After a moment, when she realized what was implied, Miranda Hurst began to shout angrily. ‘But David didn’t kill her, your son did! He’s a filthy murdering sadist, whatever your lawyer’s tricks in here! He killed her, the bastard, and you should be ashamed!’
There was nothing Sarah could do. She sat and waited for the judge to intervene, which he did, belatedly and with embarrassed reluctance. ‘Mrs Hurst, I’m afraid that’s all now. You really mustn’t say any more, however upset you are. This court is grateful to you for giving your evidence but you should go with the usher and stand down now.’
As the usher took her gently by the arm and began to lead her away, the tears began to flow uncontrollably. In the well of the court, right in front of the jury, she looked across at David Brodie, and pointed directly at Sarah. ‘You’re right what you said, David. She’s a first class bitch, she is, and everyone here should know it! Her son should have been drowned at birth!’
When she had gone, Phil Turner rose to his feet in the stunned silence.
‘My Lord, that concludes the case for the prosecution.’

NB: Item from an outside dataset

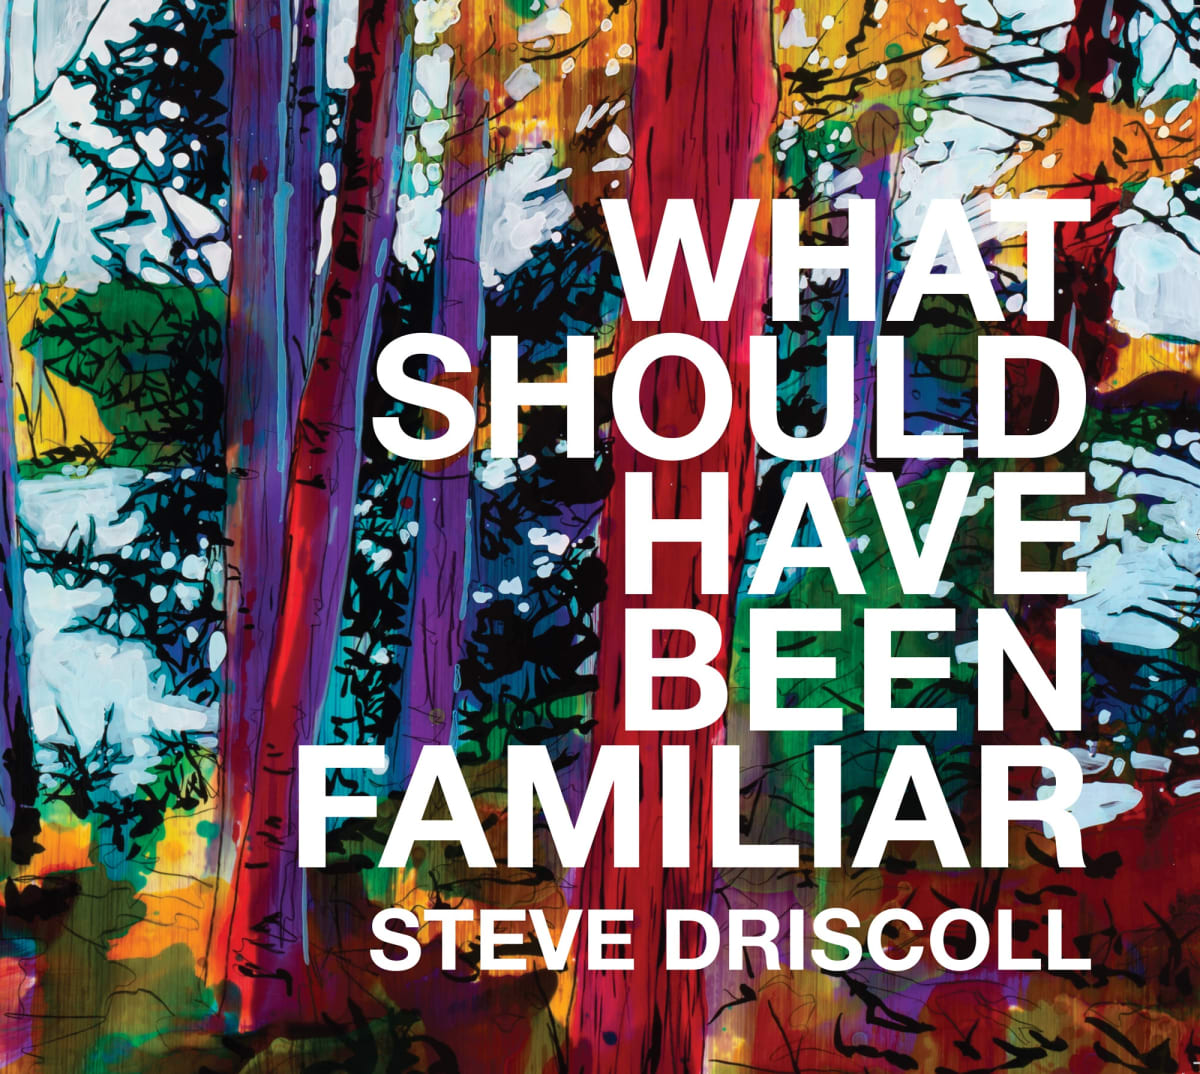 Steve Driscoll: What should have been familiar
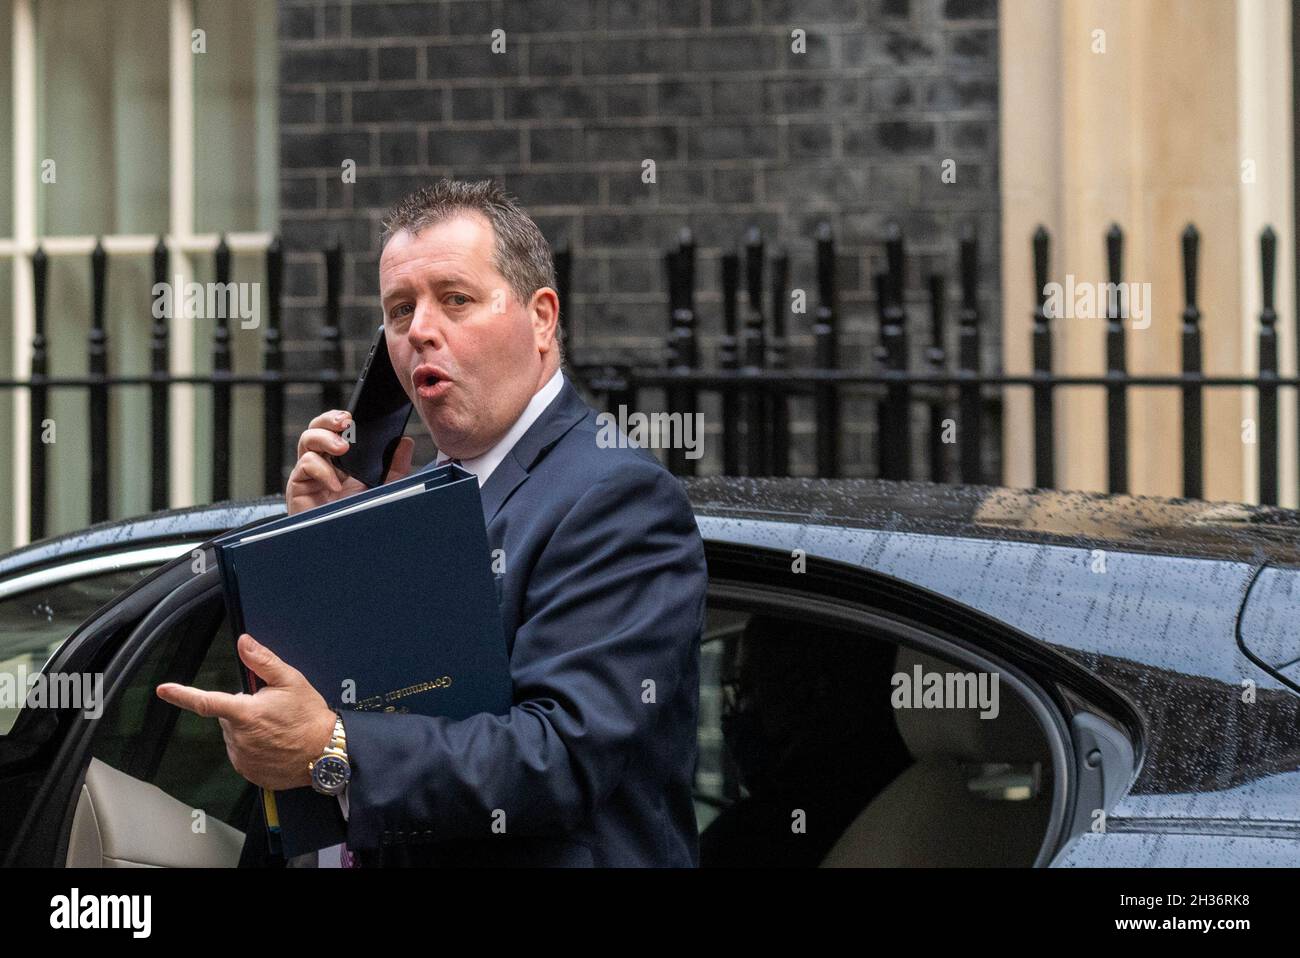 London, UK. 26th Oct, 2021. Cabinet Ministers in Downing Street, Mark Spenser, Chief Whip Credit: Ian Davidson/Alamy Live News Stock Photo

‘In that case …’ Judge Mookerjee glanced at the clock, which stood at 3.25, then back at Sarah, sitting white-faced like a stone. ‘… although it may be a trifle early, in view of the somewhat emotional nature of this afternoon’s evidence I think it might be best for all concerned if we were to adjourn until tomorrow morning. If that suits you, Mrs Newby?’
Sarah stood, stiffly. ‘Indeed, My Lord.’
‘Then let us call it a day.’
The judge rose to his feet, the usher called ‘All stand!’ and the hubbub began.